Auth0 Directory Sync

Learn how to use Directory Sync with your Auth0 applications.

Introduction

This guide will walk you through the steps to enable WorkOS Directory Sync for your Auth0 applications. If you are new to automated user provisioning and deprovisioning, the Directory Sync introduction is a good place to learn the basics.

The Auth0 Directory Sync integration is in feature preview. Reach out to WorkOS support if you want early access.

1. Configure Auth0 API access

WorkOS uses Auth0 credentials you provide to automatically create and manage an Auth0 database connection. The first step is to authorize an application in Auth0 to access the Management API.

In the Auth0 dashboard, navigate to Applications → APIs → Auth0 Management API:

A screenshot showing the “Auth0 Management API” entry on the Auth0 APIs page.

Click on the Machine To Machine Applications tab and expand the section for your Auth0 application. Then, toggle the Authorized switch to enable the API.

Under Permissions, ensure the following scopes are granted to the application:

create:connections

create:users

read:connections

read:users

update:connections

update:users

Your permissions configuration should match the following screenshot:

A screenshot a correctly configured API application in the Auth0 dashboard.

Next, navigate to Applications → Your App → Settings. You should see three fields under Basic Information: “Domain”, “Client ID”, and “Client Secret”.

A screenshot showing application credentials in the Auth0 dashboard.

Record this information in a safe place, as you will provide it to the WorkOS dashboard in the next step.

2. Connect WorkOS to Auth0

In the WorkOS dashboard, navigate to Configuration → Settings and scroll to the Auth0 Credentials section. Click Set Auth0 Credentials:

A screenshot showing the “Auth0 Credentials” section in the WorkOS dashboard.

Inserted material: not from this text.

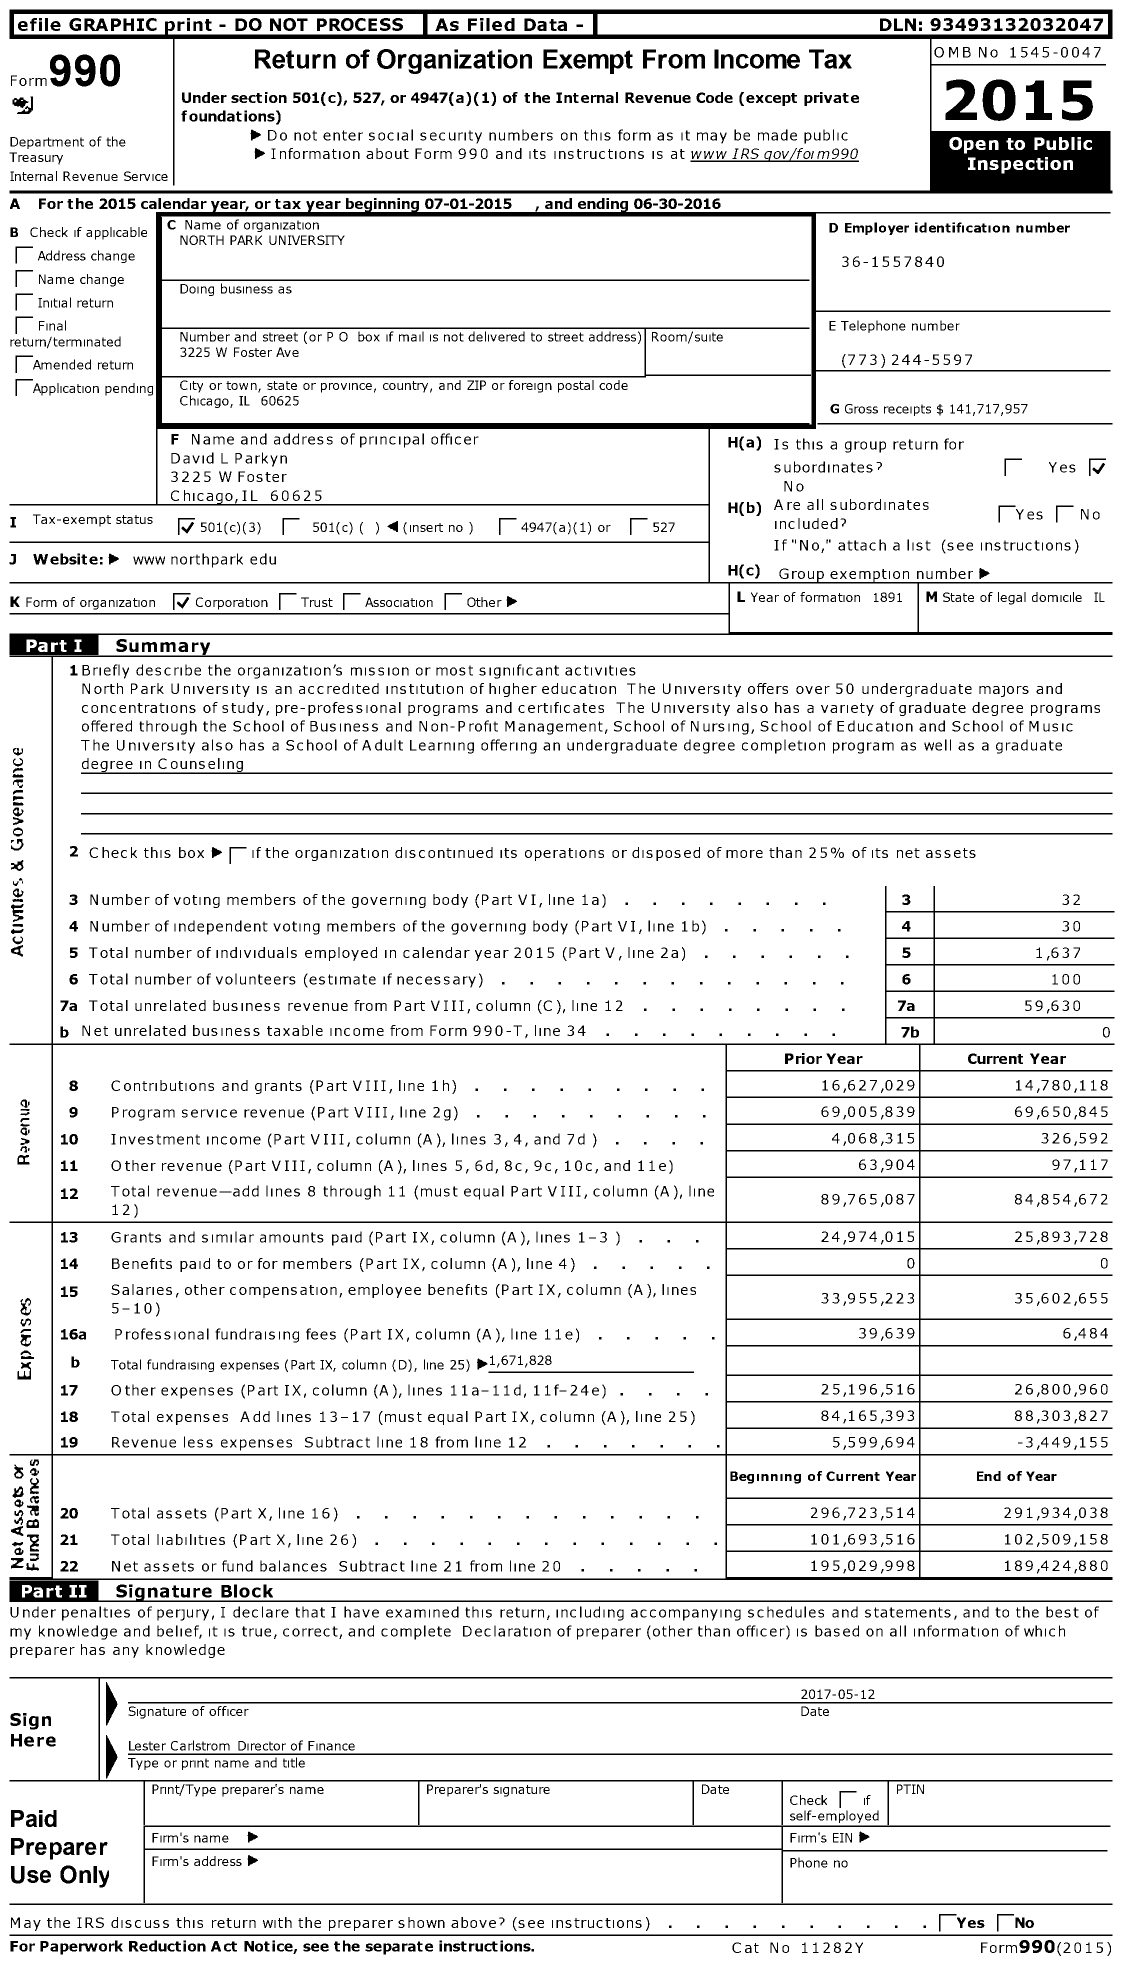 Image of first page of 2015 Form 990 for North Park University (NPU)

In the modal, enter the credentials you obtained in the previous step: “API Domain”, “Client ID”, and “Client Secret”.

A screenshot showing the “Auth0 Credentials” form in the WorkOS dashboard.

Click Save. In the final step, you will head back to the Auth0 dashboard one last time to complete the configuration.

3. Enable the database connection

After saving your credentials, WorkOS will create a database connection in your Auth0 environment. This connection will contain the users from directories in your WorkOS organizations. The next step is to enable the connection for your Auth0 application.

In the Auth0 dashboard, navigate to Applications → Your App → Connections. You should see a connection with a workos-dsync- prefix in its name. Enable it for your application.

A screenshot showing enabled connections for an application in the Auth0 dashboard.

Summary

Your WorkOS directories will now be synchronized with your new Auth0 database connection! You are ready to use WorkOS features like Admin Portal, allowing IT admins to configure their directory provider for your application directly.

New users provisioned into Auth0 are given a randomly generated password. They will need to reset their password before they can sign in. You can also use WorkOS directory sync webhooks to be notified when new users are provisioned, allowing you to tailor the onboarding experience for these new users, like sending a welcome email.

Deprovisioned users will be deleted from the Auth0 database connection. If you need to perform additional cleanup in your application, you can receive WorkOS directory sync webhooks for delete events as well.